The new song Sweet neo-con, interpreted as highly critical of the current US government, was missing from the set. Perhaps the “Stones” have seen more than their share of concert brawls and nowadays prefer to spread harmony instead of political statements.  

Show highlights included the song Night time is the right time, a tribute to Ray Charles featuring back-up singer Lisa Fisher. For the song Miss you, the entire band was transported to the rear of the main floor on a smaller stage that traveled along rails. Surrounded by fans on all sides gave this part of the show a feeling of watching the band in a small, intimate club setting.

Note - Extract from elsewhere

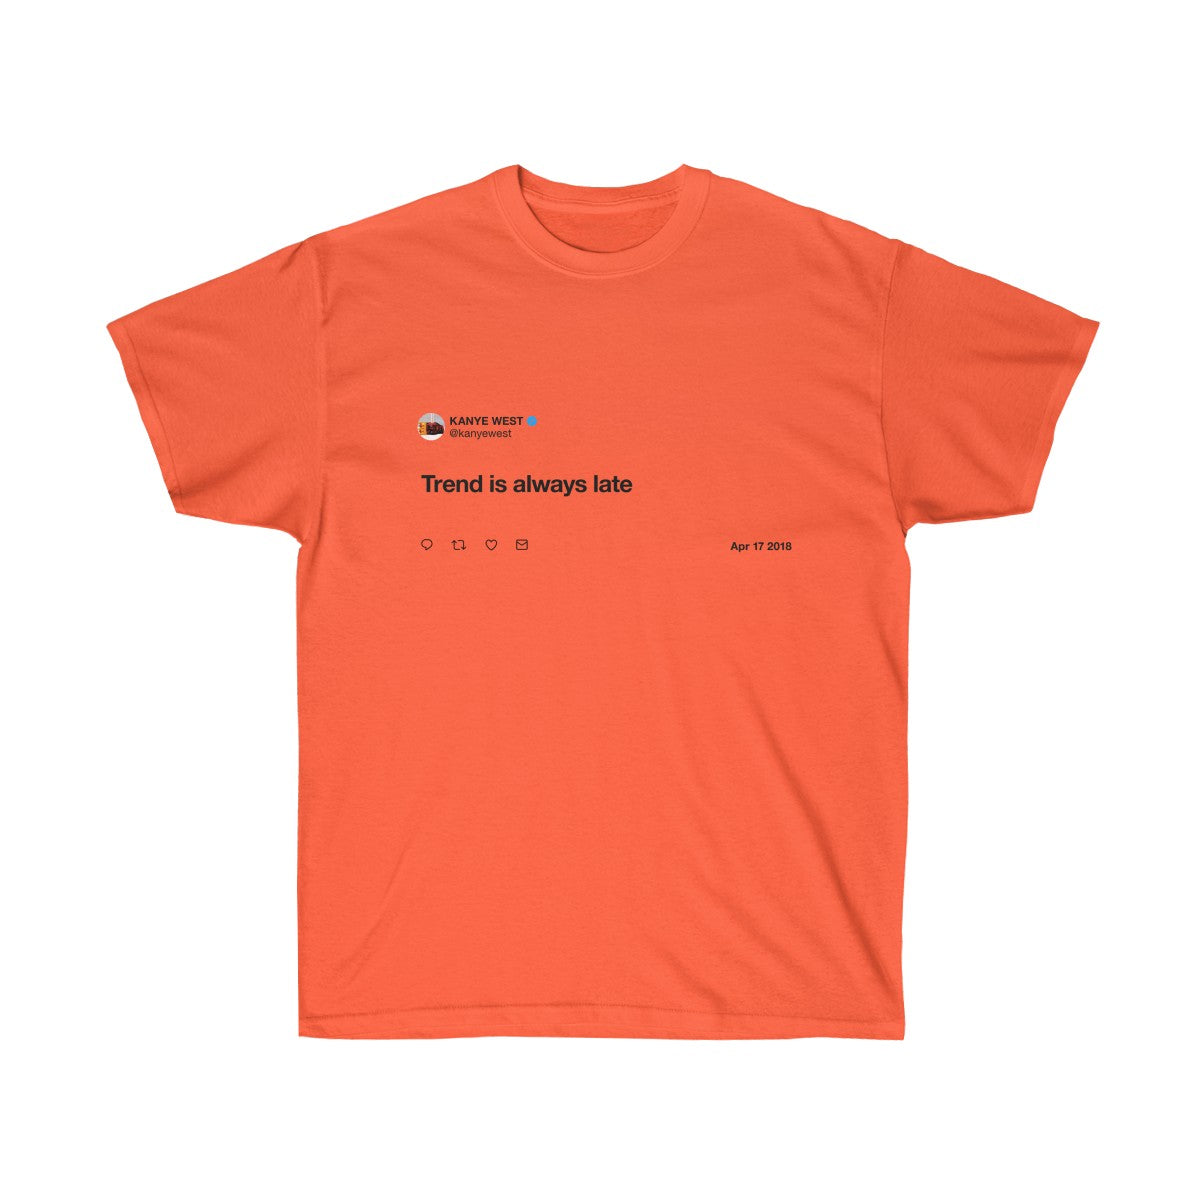 Trend is always late - Kanye West T-Shirt-Orange-S-Archethype

Considering their amazing resilience, the “Stones” could probably go on like this until most of their fans are well into retirement. But should they? Well, I have come to the conclusion that I hope they will not. Not because one can only speculate how expensive their shows will become, considering that my ticket showed a price of $160 (thank god for press passes) and the Seattle PI reported secondhand tickets sold as high as $3.400 each.

And not because many fans had to sit down to rest while a 60-plus-year-old Mick Jagger ran up and down the stage like a spring chicken. The musicians’ physical fitness is an inspiration in itself as is the obvious fun they are having. Definitely not because they didn’t meet the fans’ expectations, on the contrary, the Bigger Bang album and tour have been getting great reviews. The Seattle show is no exception.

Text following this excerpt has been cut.